Question

Test the alternating series $\sum {\dfrac{{{{( - 1)}^n}}}{{\ln n}}}$ from n is $[2,\infty )$ for convergence?

Answer 1

Given a series $\sum {{a_n} = } \sum {\dfrac{{{{( - 1)}^n}}}{{\ln n}}}$. Now apply the alternating series.
Consider the sequence${b_n} = \dfrac{1}{{\ln n}}$ , since logarithmic function is the positive function in $[2,\infty )$therefore, ${b_n} \geqslant 0$ all n.
We have to prove ${b_n} = \dfrac{1}{{\ln n}}$ is decreasing. For this we have to prove ${b_{n + 1}} < {b_n}$.
Now, prove $\mathop {\lim }\limits_{n \to \infty } {b_n} = 0$
Use the fact $\dfrac{1}{{\ln \infty }} = 0$

Complete step by step answer:
Consider the series is given as $\sum {{a_n} = } \sum {\dfrac{{{{( - 1)}^n}}}{{\ln n}}}$. Let the sequence, ${b_n} = \dfrac{1}{{\ln n}}$.
Here , ${b_n} \geqslant 0$ all n as the logarithmic function is positive function in $[2,\infty )$.
According to the alternative series test, if $\mathop {\lim }\limits_{n \to \infty } {b_n} = 0$ , and $\\{ {b_n}\\}$ is a decreasing sequence
Then the series$\sum {{a_n} = } \sum {\dfrac{{{{( - 1)}^n}}}{{\ln n}}}$ is convergent.

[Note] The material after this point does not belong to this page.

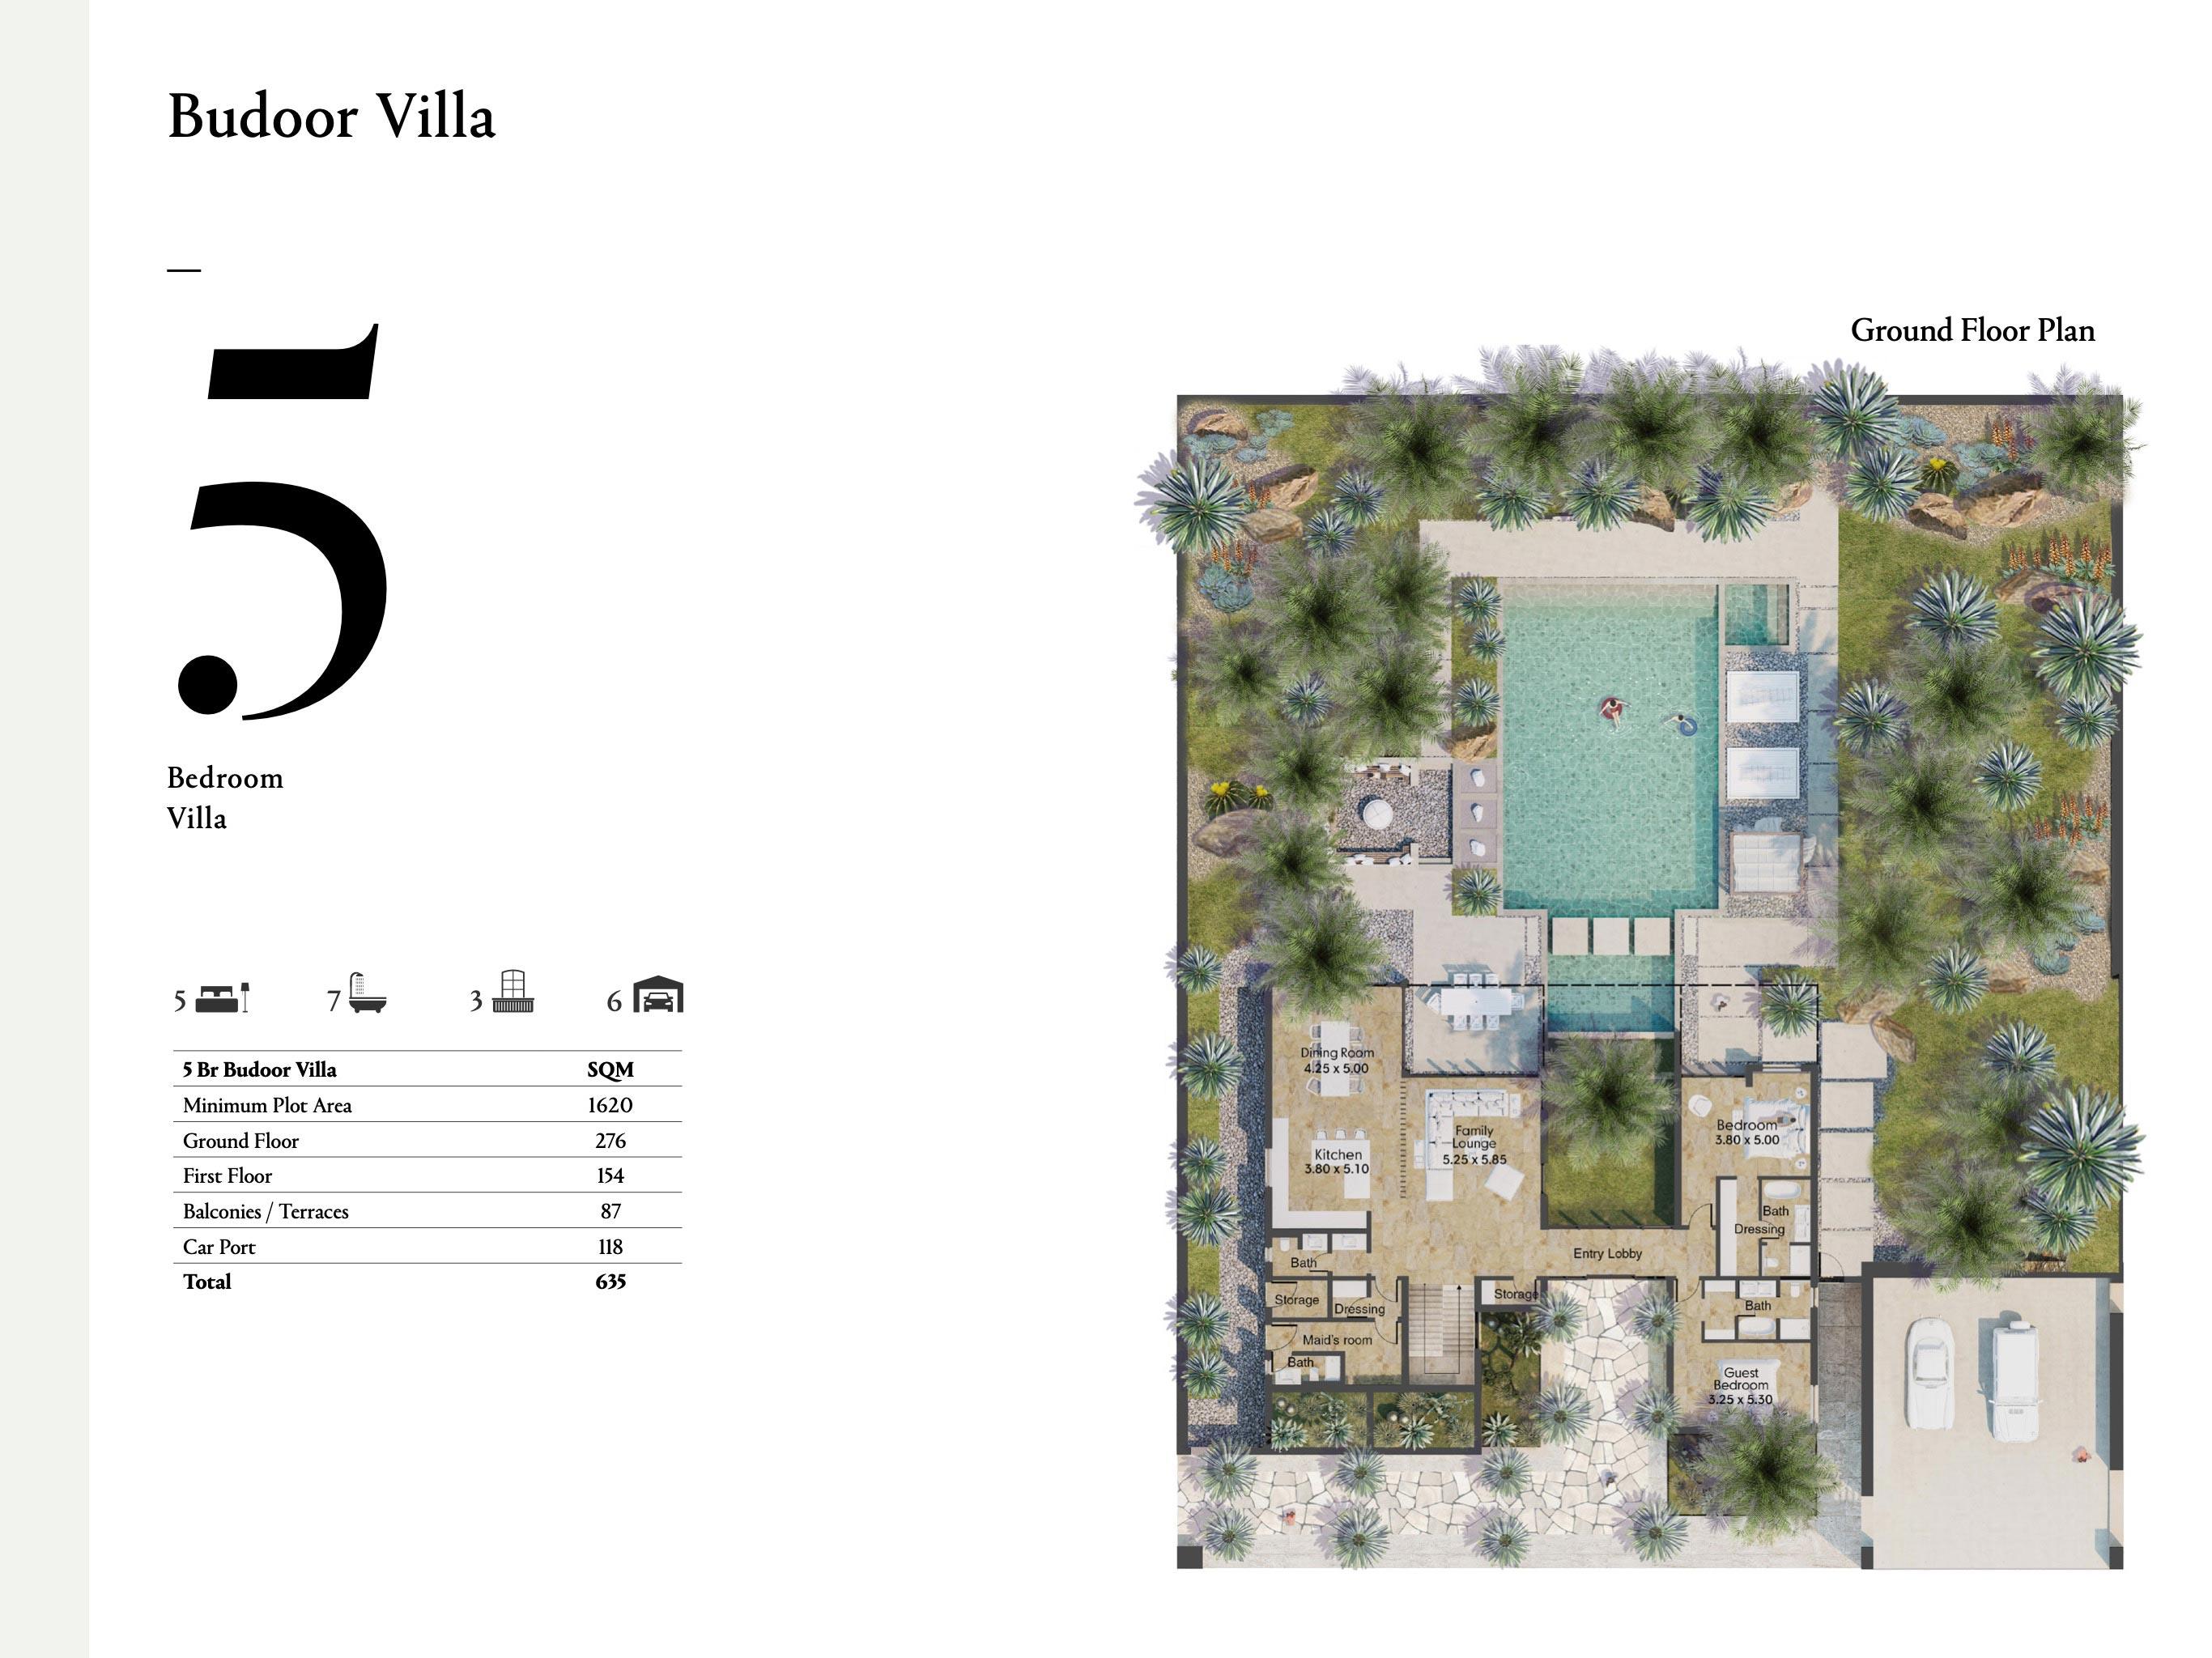 Budoor Villa - 5 Bedroom with a size area of 635 sqm

We have to prove $\\{ {b_n}\\}$ is a decreasing sequence, Take ${b_n} = \dfrac{1}{{\ln n}}$ then ${b_{n + 1}} = \dfrac{1}{{\ln (n + 1)}}$
Consider n+1>n for all n, and $\ln (n + 1) > \ln n$ for $n \in [2,\infty )$
Then, $\dfrac{1}{{\ln (n + 1)}} < \dfrac{1}{{\ln n}}$
$\Rightarrow {b_{n + 1}} < {b_n}$
Since next term is less than the previous term therefore, $\\{ {b_n}\\}$ is a decreasing sequence.

Next we have to find , $\mathop {\lim }\limits_{n \to \infty } {b_n} = 0$
$\mathop {\lim }\limits_{n \to \infty } {b_n} = \mathop {\lim }\limits_{n \to \infty } \dfrac{1}{{\ln n}}$
$\mathop {\lim }\limits_{n \to \infty } \dfrac{1}{{\ln n}} = \dfrac{1}{\infty }$
$\Rightarrow \mathop {\lim }\limits_{n \to \infty } \dfrac{1}{{\ln n}} = 0$
Hence, $\mathop {\lim }\limits_{n \to \infty } {b_n} = 0$
From the alternating series test , $\sum {\dfrac{{{{( - 1)}^n}}}{{\ln n}}}$ is convergent from n is $[2,\infty )$.

Note: Alternating series test:
Suppose that we have a series $\sum {{a_n}}$ and either ${a_n} = {( - 1)^n}{b_n}$ or ${a_n} = {( - 1)^{n + 1}}{b_n}$ where ${b_n} \geqslant 0$ all n. Then if,
$\mathop {\lim }\limits_{n \to \infty } {b_n} = 0$
and
$\\{ {b_n}\\}$ is a decreasing sequence
the series $\sum {{a_n}}$is convergent.